As reporters began to congregate near the site, they were met with a long line of white people holding tiki torches high in the air as they burned against the night sky, moving two by two, steps in sync, some with neutral expressions, some shouting into the cameras of news outlets filming them. The group, some 250 white supremacists strong according to The Washington Post, marched in a two-by-two formation to a statue of the University of Virginia’s founder, Thomas Jefferson. There, they were met with around 30 U-Va student counter protesters. Apart from one university police officer, there were no police arrived on the scene until several minutes later. By then, protesters and counter-protesters were punching and kicking, both counter protestors and white supremacists had been maced and chants of “white lives matter” began as a taunt to the protesting students.
Although this protest wasn’t much more than a rumor until the text from Spencer came in, as soon as the march began, authorities should have been arriving as quickly as reporters were.
Why weren’t the police monitoring this protest from the beginning? What did they think this was? A “dress-up-as-a-racist” party? A BYOT (bring your own torch) picnic? Clearly not. The lack of early police intervention evidences a deep-rooted problem within both the police system and American society: black people are seen as inherently violent and white people are not. If a couple of hundred black men armed to the teeth marched in the streets and held torches, the police and public’s reactions would’ve been significantly different. When a peaceful Black Lives Matter march happens, police in riot gear monitor protestors’ every move, but when a literal crowd of nazis chant racist slogans and carry weapons openly on a college campus, the police are late to the scene. This idea of black people being the perpetrators of violence in society is reinforced in popular culture; Fox News’ commentator Geraldo Rivera’s criticisms of rapper Kendrick Lamar’s opening number at the 2015 BET awards blamed hip hop lyrics instead of racism and police brutality for violence in and around the black community. Comedian Tina Fey said in a SNL skit:
“Part of me hopes these Neo-Nazis try it in New York City, like I hope they try it and get the ham salad kicked out of them by a bunch of drag queens because you know what a drag queen still is? A six-foot-four black man.” Because everyone should be afraid of a big black man, right? Raising the spectre of violence in this way, while well-intentioned, actually exacerbates the problem.

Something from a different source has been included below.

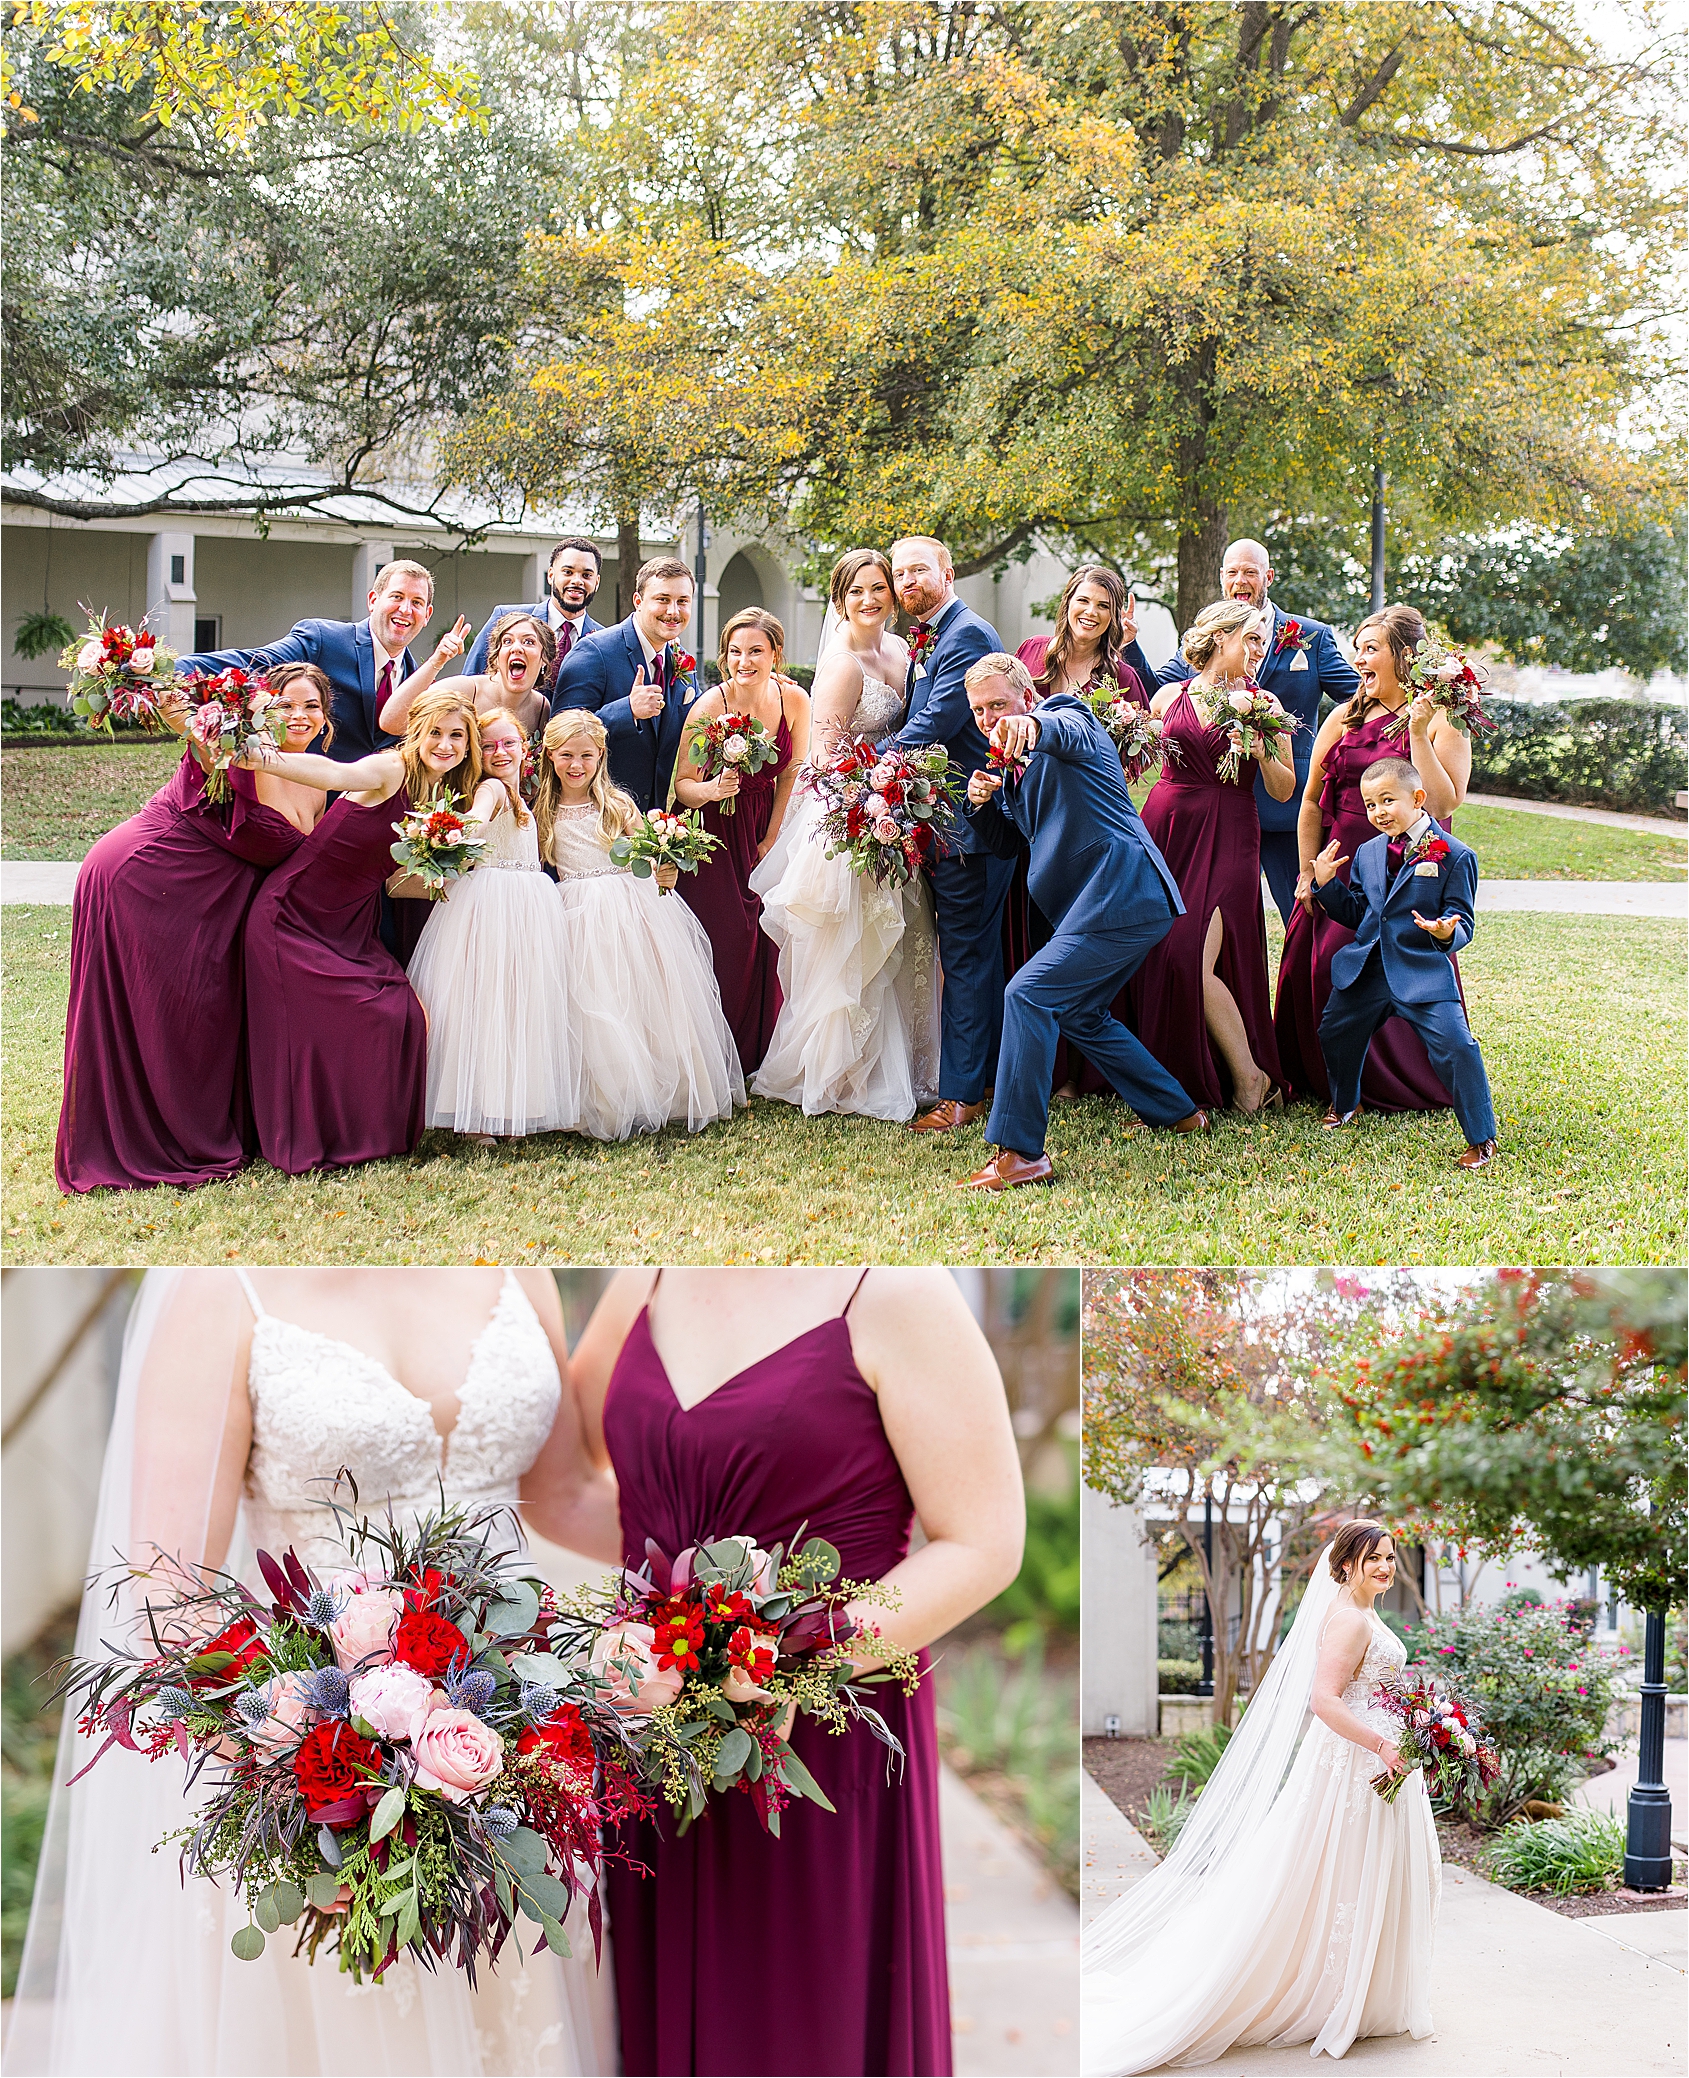 A bridal party shares a fun, large, silly group photos with the girls in maroon dresses and guys in navy suites under lots of greenery at Alamo Heights United Methodist Church in San Antonio, Texas. 
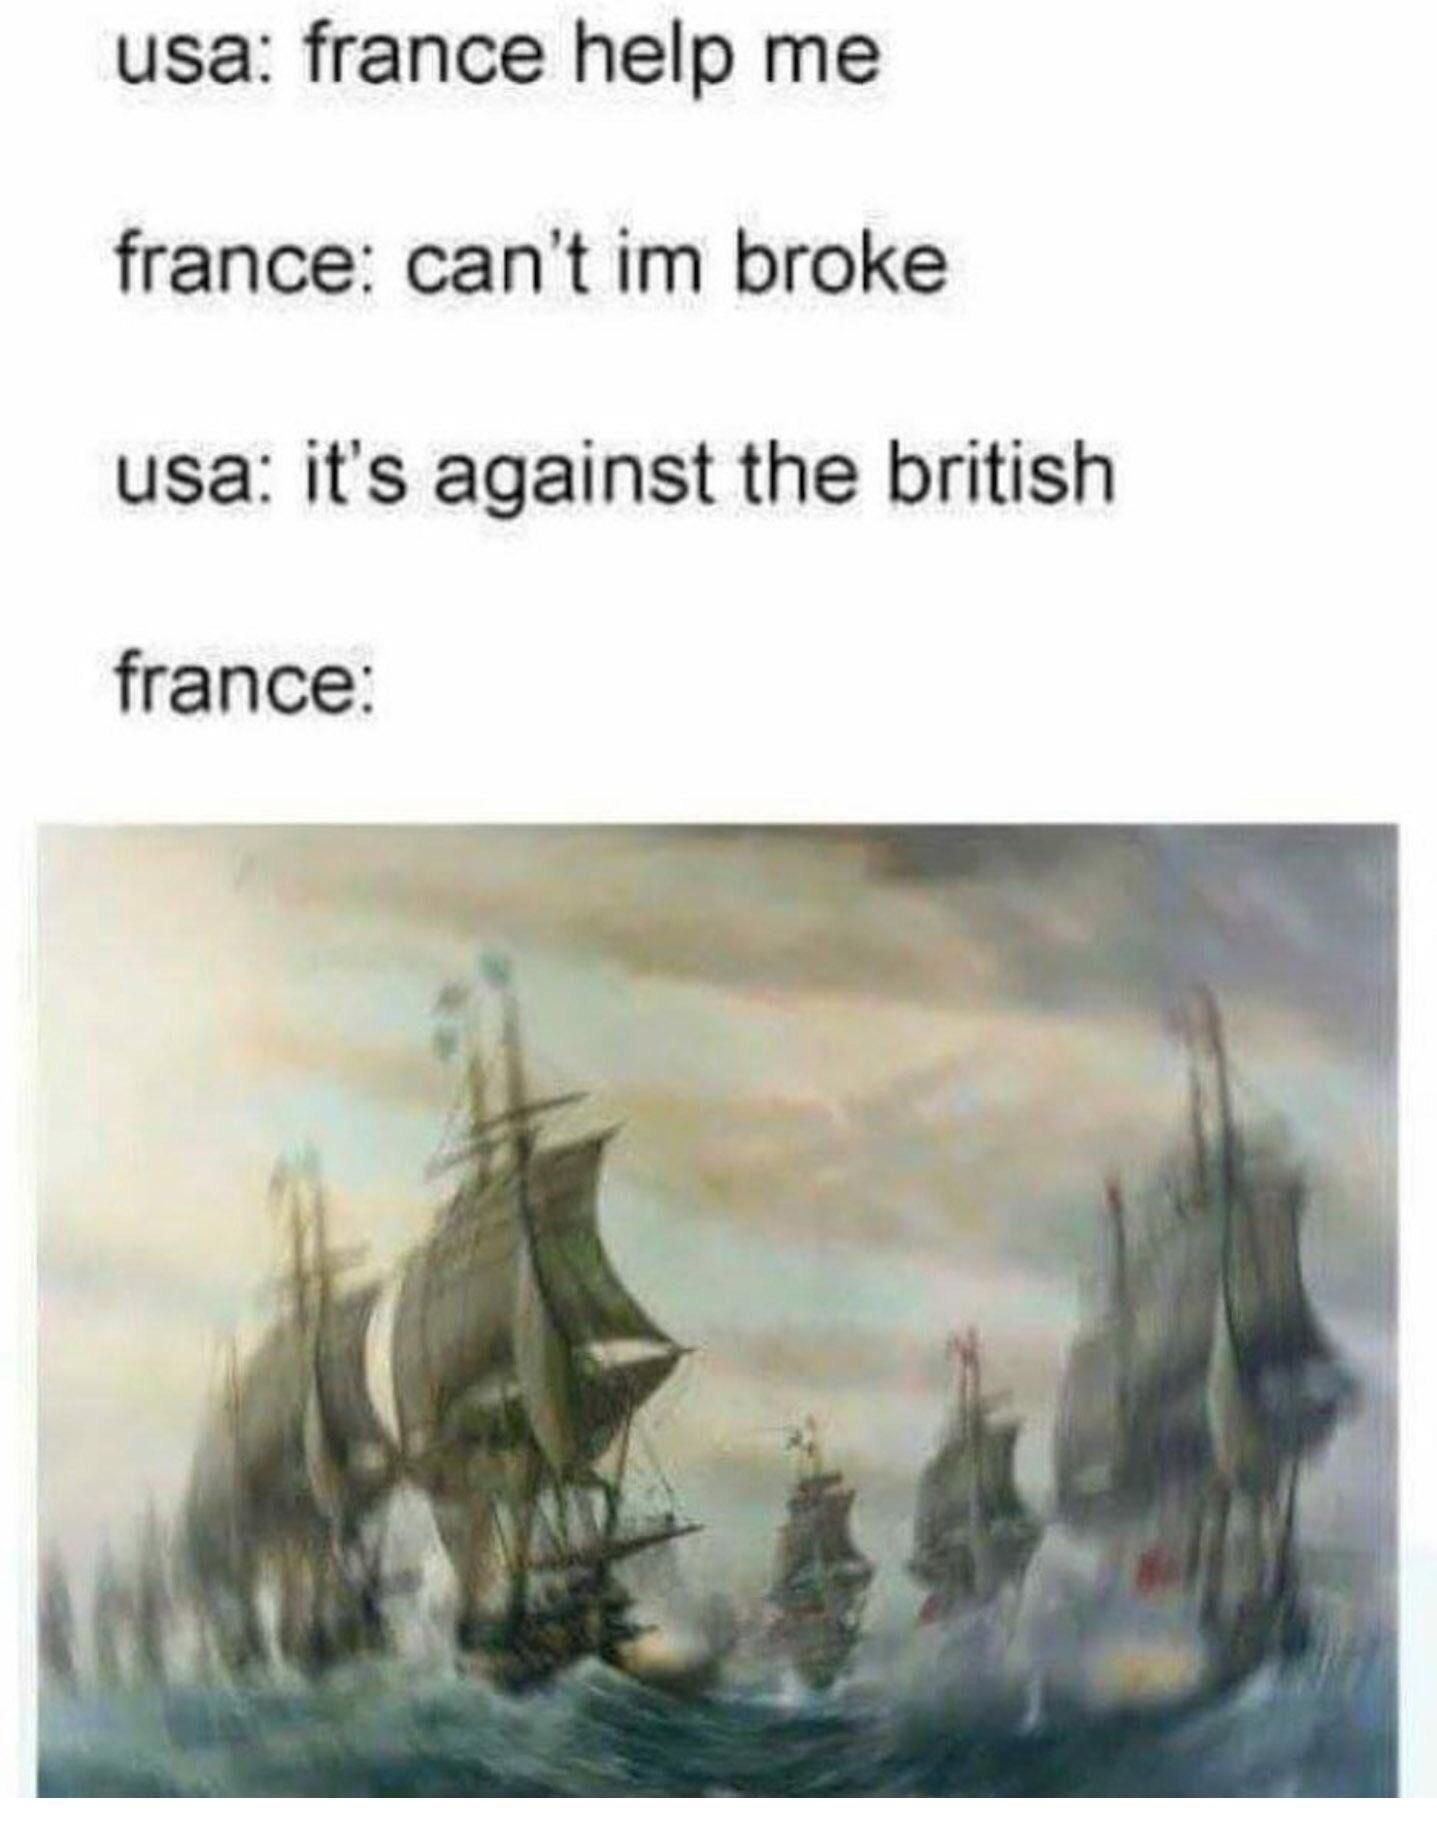 How France got involved in the American revolutionary war c. 1778

Even taking into account a year ago during the tumultuous Trump campaign, where it felt like racial tensions were constantly climbing and the left and right were getting farther apart, Charlottesville still felt like a slap in the face. A proud and threatening display of racism on such a large scale didn’t seem possible until it happened: much like the result of the 2016 election. It took the death of a white woman for a significant portion of America to be outraged at what’s going on in the political scene right now; yes, Charlottesville was atrocious, but plenty of other racist things have happened in recent years that have the caliber to also cause strong reactions, like the fatal shooting of nine black people by a white supremacist and Trump calling Mexicans “rapists” and criminalizing their existence through his “build a wall” rhetoric. We shouldn’t have been able to travel this far down the racism rabbit hole without bothering to look or listen to the signs (the president not distancing himself from the white supremacists that endorsed him on the campaign trail, for example) that something is gravely wrong.